To investigate the role of ZnCM NPs in the regulation of zinc ion homeostasis towards DC tolerogenicity, we first explored the expression of surface markers (signals 1 and 2) on igDCs via flow cytometry analysis (Fig. 3c). Upon stimulation with LPS, igDCs (vehicle) exhibited higher expression of CD86, CD80 and MHC class II on CD11c + cells, which indicated the activation of igDCs. However, after administration of both ZnC and ZnCM NPs, the DC levels of CD86, CD80 and MHC class II (signals 1 and 2) decreased significantly compared with the vehicle group, indicating the suppressed immunogenicity of DCs after zinc supplementation.
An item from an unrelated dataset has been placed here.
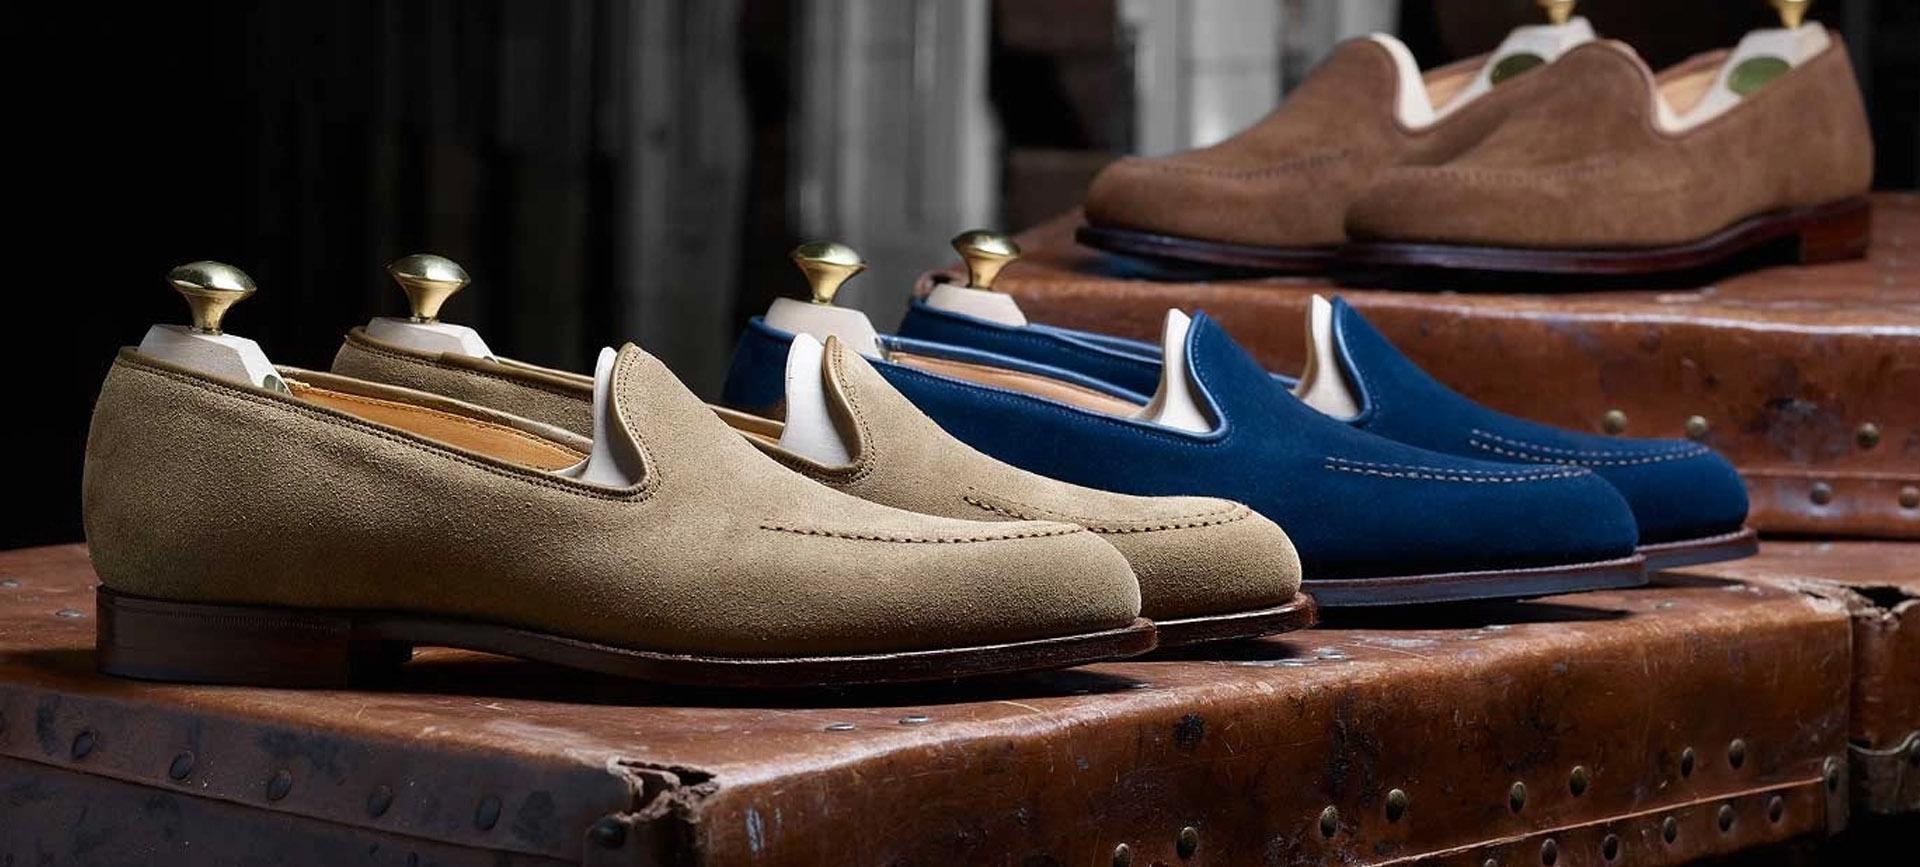 Crockett & Jones Handmade English Shoes

Further immunofluorescent staining confirmed the above findings (Additional file 1: Figure S4), as demonstrated by the decrease in signal 1- and signal 2-positive staining of the DC maturation surface markers after Zn2+ NP treatments compared with Vehicle treatment. All these data showed that ZnO2-based NPs could switch igDCs towards tDCs, which was attributed to the increased intracellular Zn2+ and O2 concentrations.
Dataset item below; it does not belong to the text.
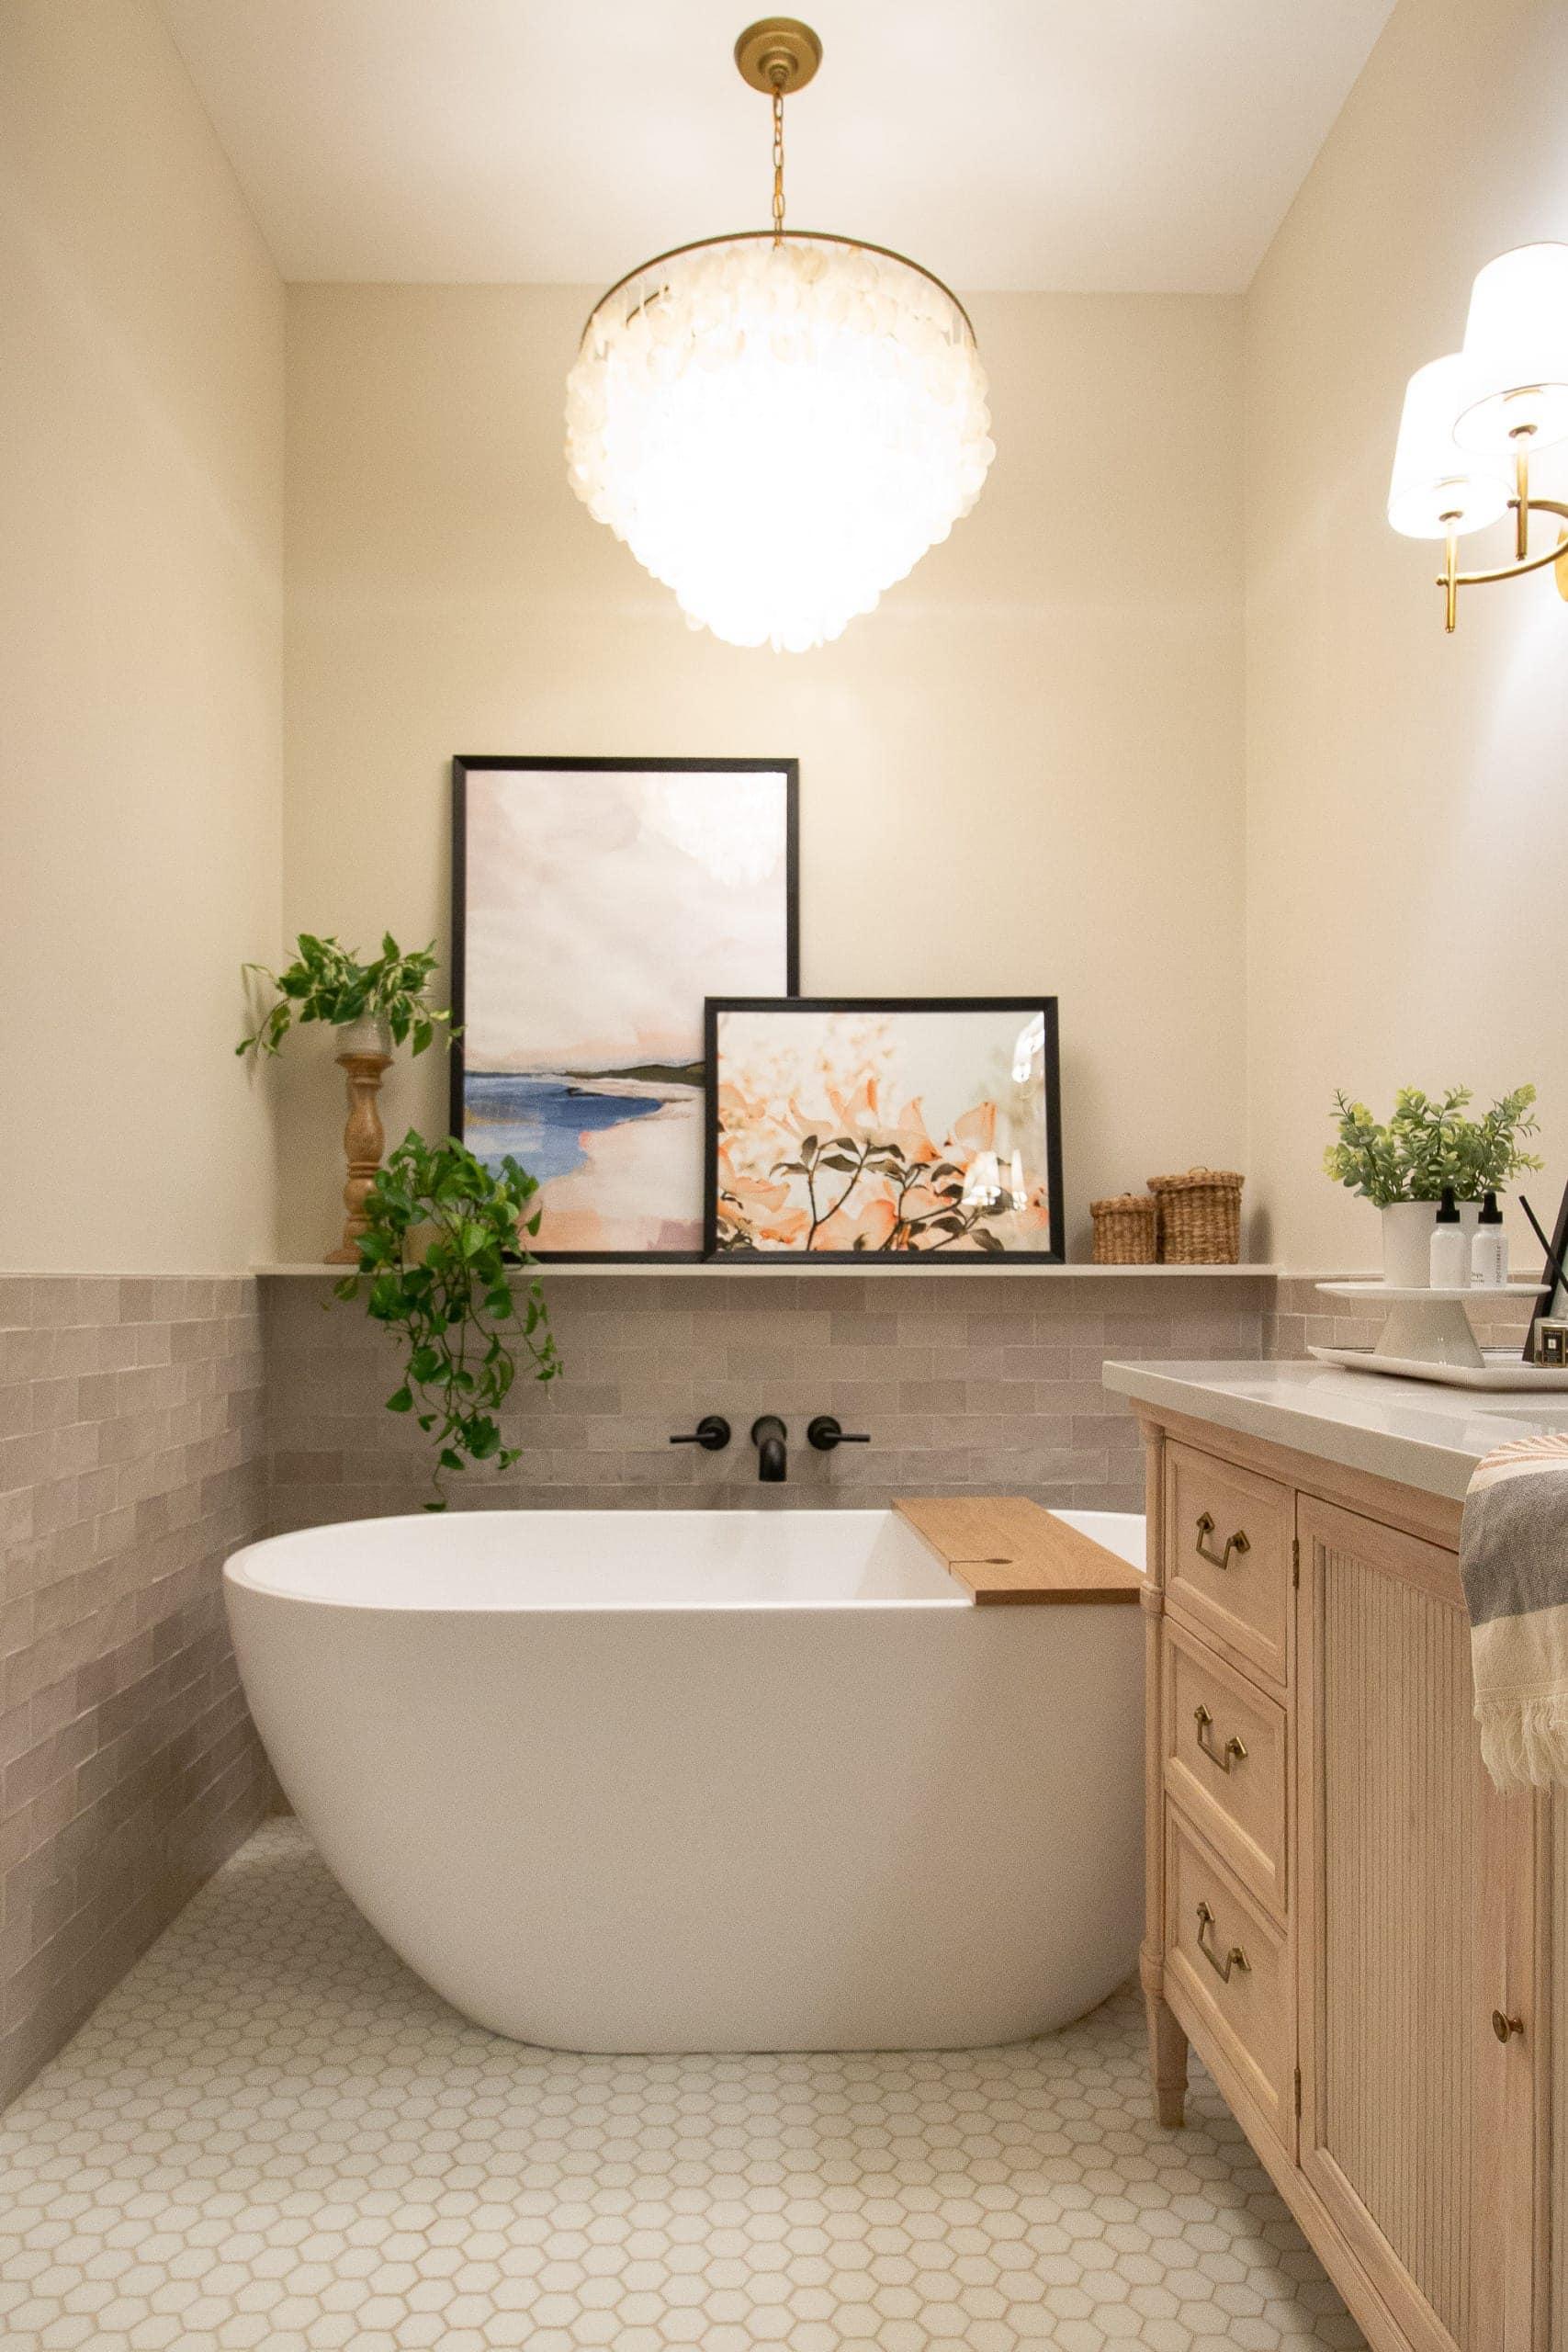 Jan's main bathroom freestanding tub

Upon LPS stimulation of surface ligands, DCs activate NF-κB phosphorylation to promote targeted mRNA transcription, including IL-1, IL-6, IL-12α, IL-12β, and TNF-α (signal 3), thereby triggering a subsequent immune response . Herein, we found that after stimulation with LPS, igDCs were activated, as demonstrated by the increased mRNA levels of IL-1, IL-6, IL-12α, IL-12β, and TNF-α compared with the those of the Ctrl. However, ZnC NPs decreased the mRNA levels of IL-1, IL-6, and IL-12β, while ZnCM NPs significantly inhibited those of IL-1, IL-12β, and TNF-α in contrast with LPS-induced vehicle (Additional file 1: Figure S5a). Cytometric bead array (CBA) immunoassays also showed that igDCs could produce larger amounts of IL-6, IL-12, and TNF-α than Ctrl cells, which were reduced significantly in response to ZnC and ZnCM NP administration (Additional file 1: Figure S5b). These data indicated that ZnCM NPs potently suppressed LPS-induced DC immunogenicity by repressing signals 1, 2 and 3, implying the potential immune tolerogenicity of ZnCM NPs in vitro.
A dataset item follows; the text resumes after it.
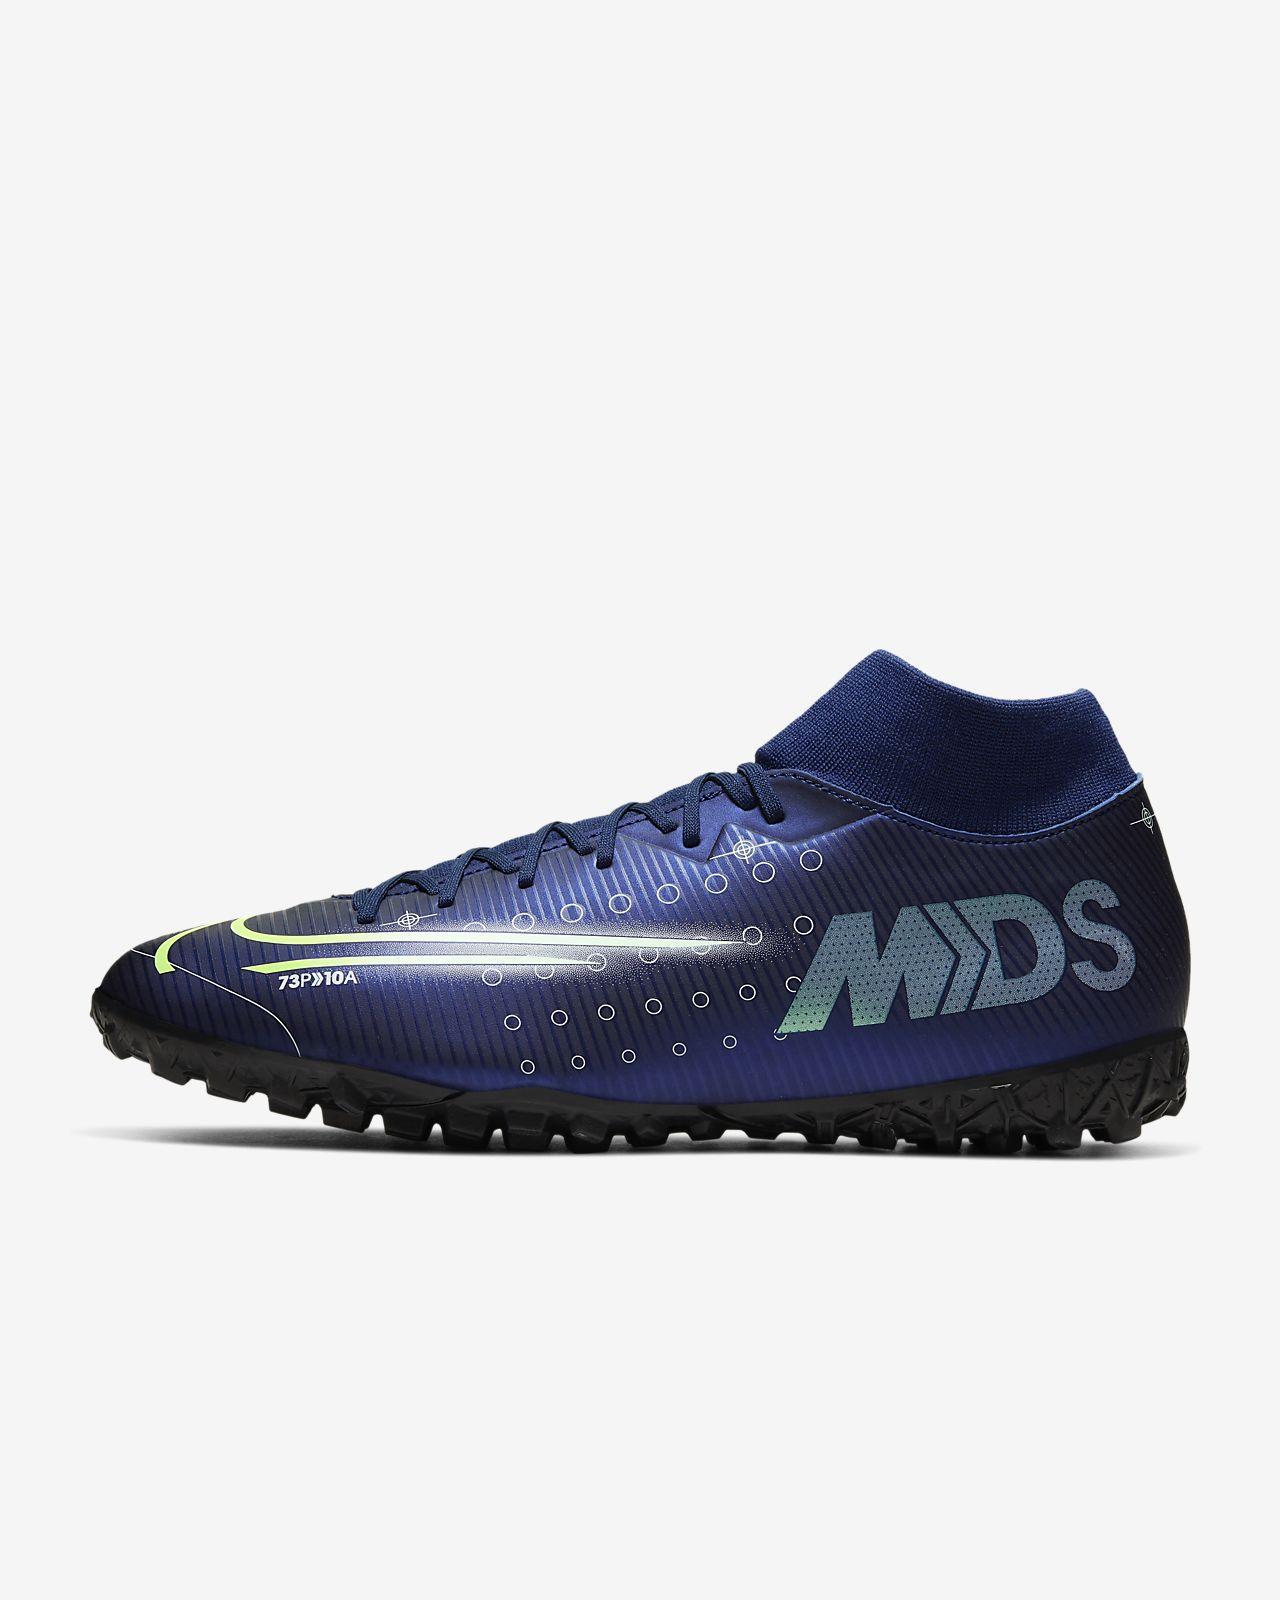 Nike Mercurial Superfly 7 Academy MDS TF-fodboldsko til grus

Repression of T cells by tDCs after nanoparticle treatment
The interaction between DCs and CD4+ T cells was shown by an increase in a series of key biomarkers, such as RANKL, IL-12, IFN-γ, and TGF-β , which promoted the development and progression of RA. igDC stimulation activated CD4+ T-cell homeostasis by facilitating the release of inflammatory cytokines from functional T cells . Therefore, we analysed the proliferation of CD4+ T cells and their CBA levels in vitro after coculture with NP-treated igDCs to identify the role of ZnCM NPs in the modulation of tDC capability towards T cells [49, 52]. First, the proliferation of splenic OT-II CD4+ T cells was assessed by flow cytometry, which showed that coculture with LPS-treated DCs (igDCs) promoted the proliferation of CD4 + T cells. However, ZnC/ZnCM NP-treated cocultured tDCs had a reduction in the numbers of CD4 + T cells and their proliferation compared with those of LPS-treated igDCs, indicating that both ZnC and ZnCM NPs induced the ability of tDCs to silence T cells (Additional file 1: Figure S6a). Furthermore, CBA analysis of CD4+ T cells after DC coculture demonstrated that despite the increase in IL-17 and IFN-γ in T cells after LPS-treated igDC coculture, both ZnC and ZnCM NPs decreased this tendency, among which ZnCM showed more significantly decreased levels of IL-17 and IFN-γ than ZnC NPs (Additional file 1: Figure S6b). Therefore, these results suggested that ZnCM NPs could affect the proliferation and activation of CD4+ T cells by modulating the immune crosstalk between tDCs and functional CD4+ T cells.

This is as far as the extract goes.